A month has gone by since the last earnings report for Amicus Therapeutics (FOLD). Shares have lost about 18.9% in that time frame, underperforming the S&P 500.
Will the recent negative trend continue leading up to its next earnings release, or is Amicus Therapeutics due for a breakout? Before we dive into how investors and analysts have reacted as of late, let's take a quick look at the most recent earnings report in order to get a better handle on the important drivers.
Amicus Q2 Earnings Match, Weak Q3 View
Amicus reported loss of 34 cents per share in the second quarter of 2019 (excluding loss due to exchange of convertible notes), in line with the Zacks Consensus Estimate but wider than the year-ago loss of 33 cents.
Total revenues in the reported quarter were $44.1 million, skyrocketing almost 107% from $21.3 million in the year-ago quarter. The figure also surpassed the Zacks Consensus Estimate of $41 million. The company realized revenues from the commercial sales of its only marketed drug Galafold (migalastat).
Sales of Galafold surged 30% sequentially, largely driven by new patients in the second quarter along with higher-than-anticipated prescriptions in the EU, Japan and the United States.
Galafold won an accelerated nod from the FDA last August for the treatment of adults with a confirmed diagnosis of Fabry disease and an amenable galactosidase alpha gene (GLA) variant.
Earlier this month, Amicus received a marketing approval for Galafold in Argentina. The company is preparing to launch the drug in the first-ever Latin American market, which should drive global sales.
For 2019, Amicus expects Galafold to generate revenues of $160-$180 million with more than 1,000 Fabry patients by the end of this year. The view is unchanged from the previous estimate. Consistent with Galafold’s adoption trends and ordering patterns seen in the past years, Amicus expects flat-to-moderate revenue growth in the third quarter and higher revenue growth in the fourth.
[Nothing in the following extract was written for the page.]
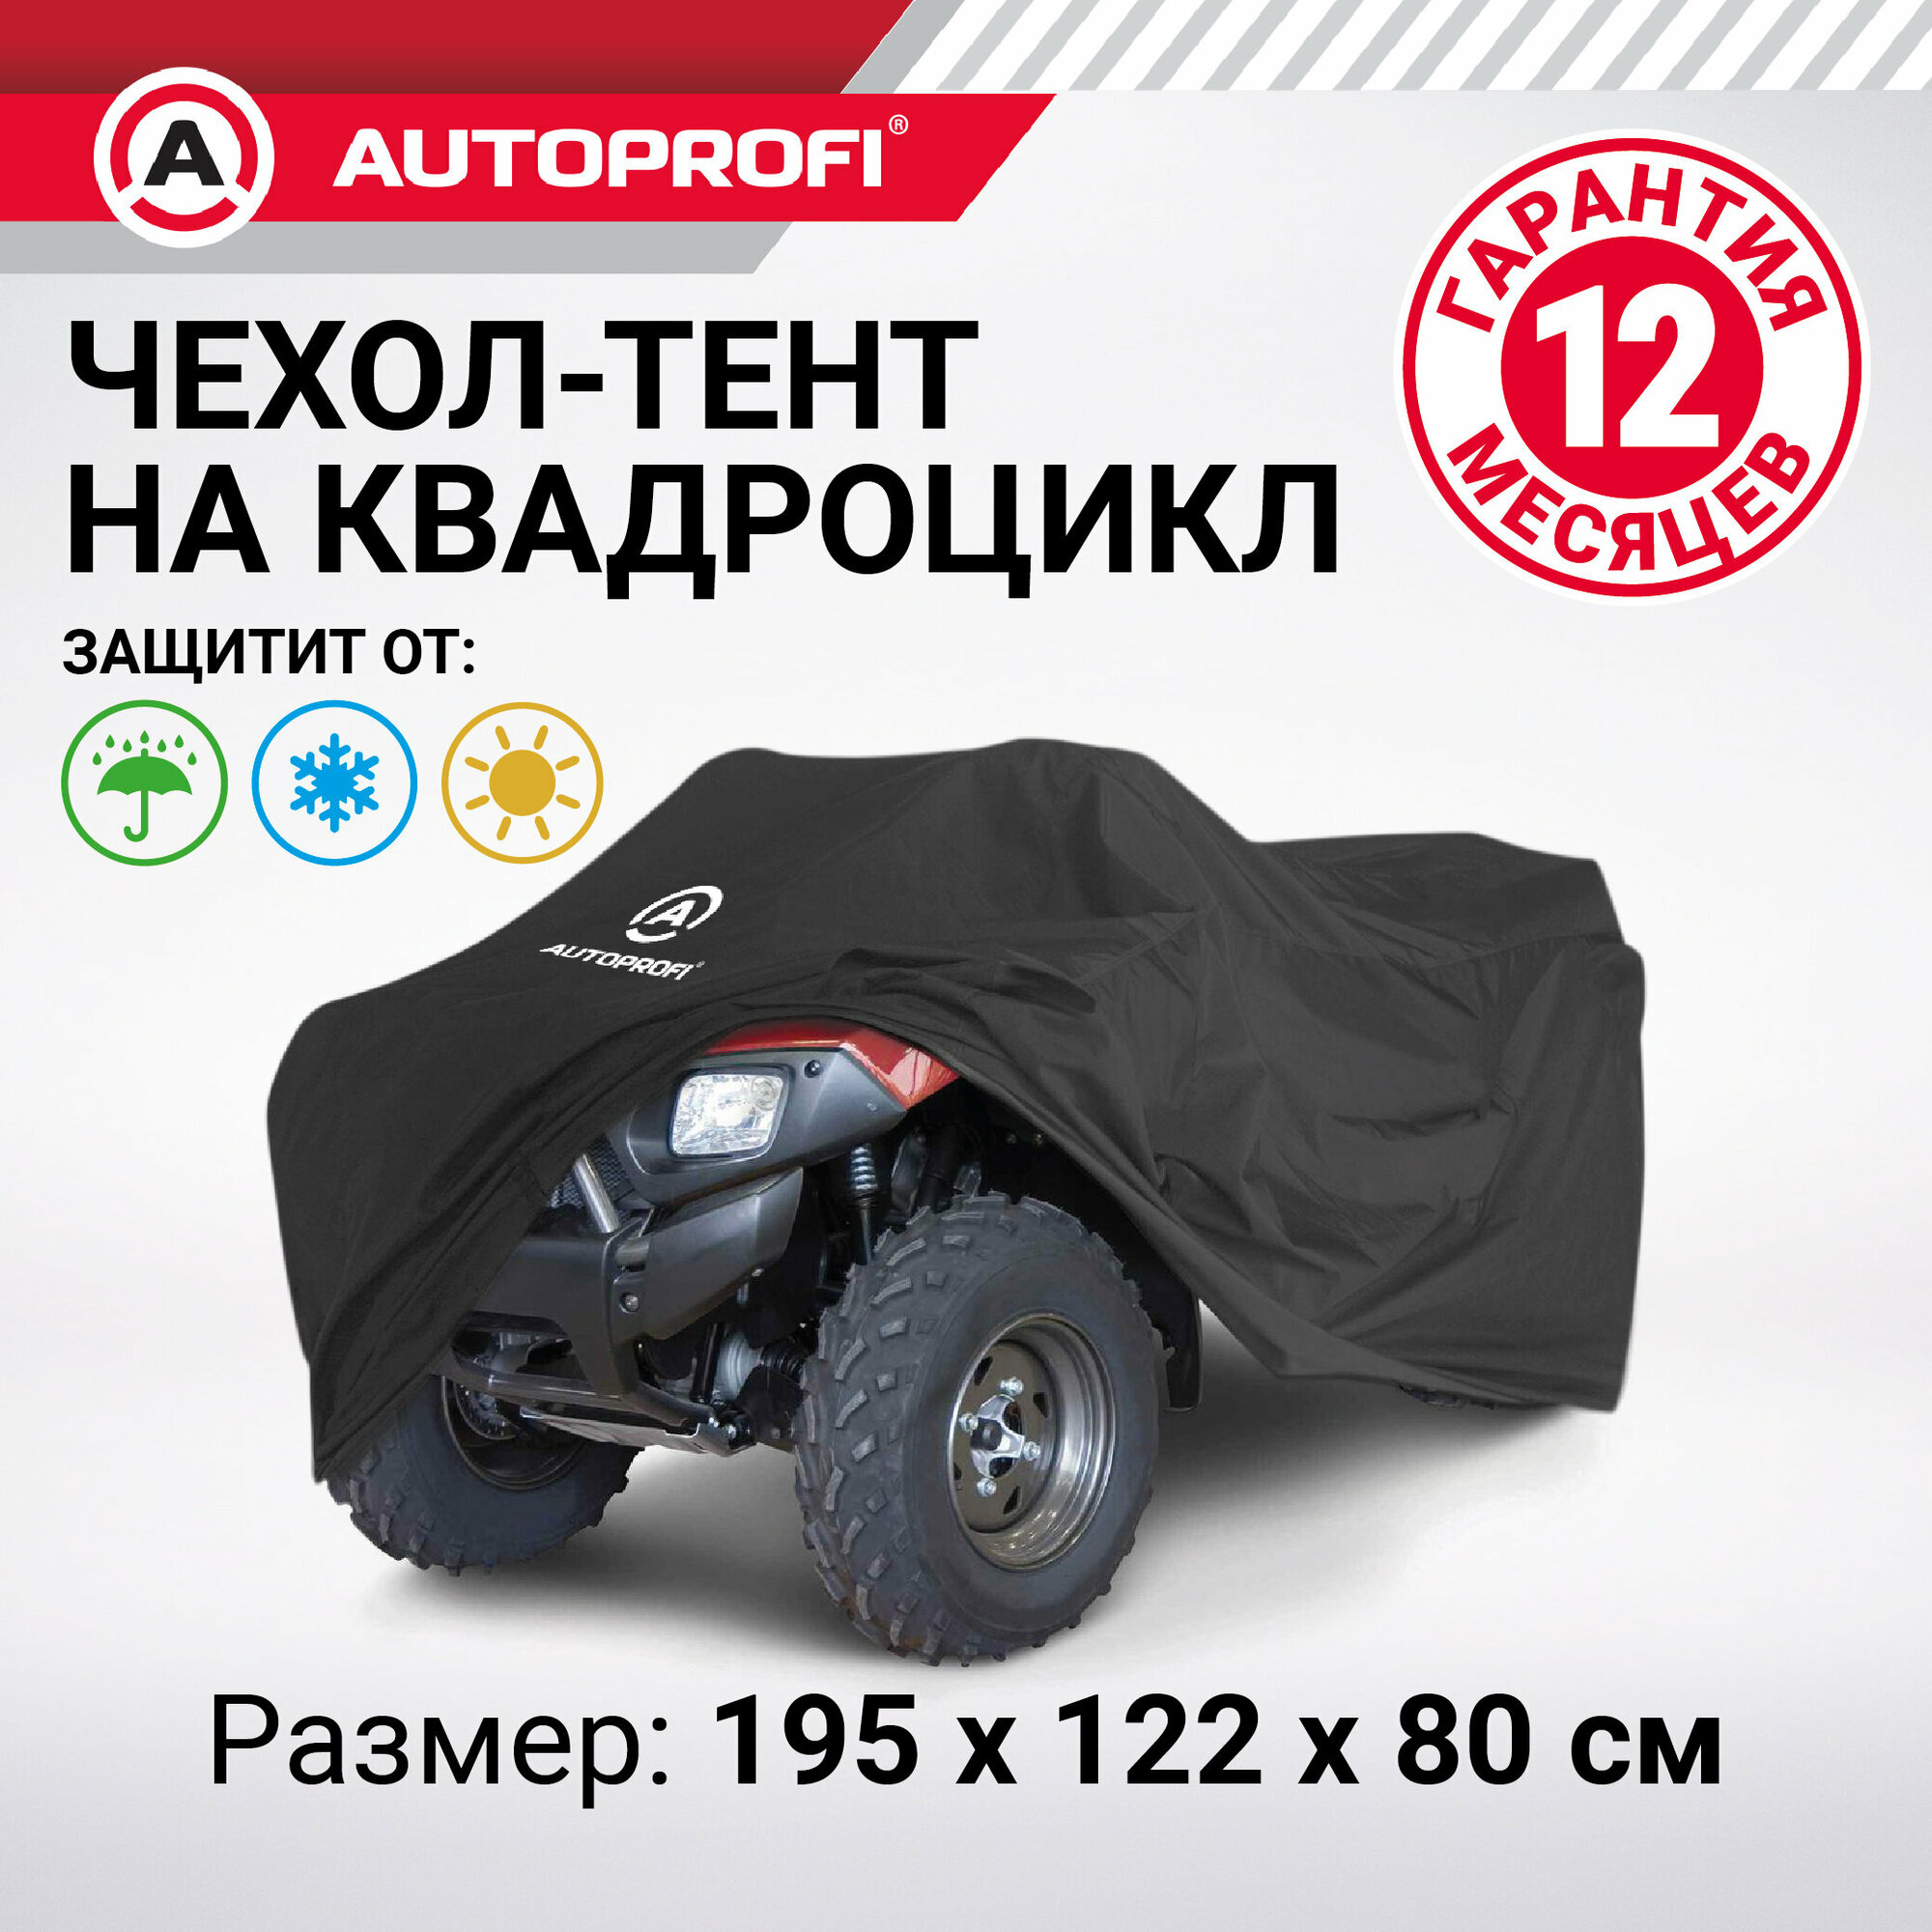 Чехол для квадроцикла Autoprofi 195*122*80 см. ATV-200 (195)

Expectation for insignificant growth in Galafold sales during the third quarter after an impressive second-quarter sequential sales growth probably hurt investor sentiments and prompted the share price decline.
The company expects to end 2019 with approximately $400 million of cash in hand. The current cash position is anticipated to be enough to fund the ongoing operations through 2021.
The lead pipeline candidate in Amicus’ portfolio is AT-GAA, a differentiated biologic for Pompe disease. The company expects to complete enrollment in pivotal PROPEL study on AT-GAA for Pompe disease by 2019 end.
Amicus has two gene-therapy programs in pipeline for two different types of Batten disease. Earlier this month, the company announced positive interim results from the phase I/II study on its CLN6 Batten disease gene therapy program. In it, the candidate showed a positive impact on motor and language function in seven of eight patients compared with a natural history dataset as well as in comparisons to sibling pairs.
Meanwhile, Amicus expects to complete enrollment in the ongoing CLN3 Batten disease phase I/II study by this year-end. The company also plans to achieve preclinical proof of concept for Fabry and Pompe gene therapies in 2019.
Additionally, Amicus entered into an agreement with Ultragenyx to in-license exclusive Japanese rights to the latter's Mepsevii for Mucopolysaccharidosis type VII (MPS VII) syndrome, a rare lysosomal disorder in Japan. The company plans to use the existing Mepsevii data package and results from an ongoing study to submit a regulatory filing in Japan.
How Have Estimates Been Moving Since Then?
It turns out, estimates revision flatlined during the past month.
At this time, Amicus Therapeutics has a subpar Growth Score of D, however its Momentum Score is doing a lot better with a B. However, the stock was allocated a grade of F on the value side, putting it in the bottom 20% quintile for this investment strategy.
Overall, the stock has an aggregate VGM Score of F. If you aren't focused on one strategy, this score is the one you should be interested in.
Amicus Therapeutics has a Zacks Rank #3 (Hold). We expect an in-line return from the stock in the next few months.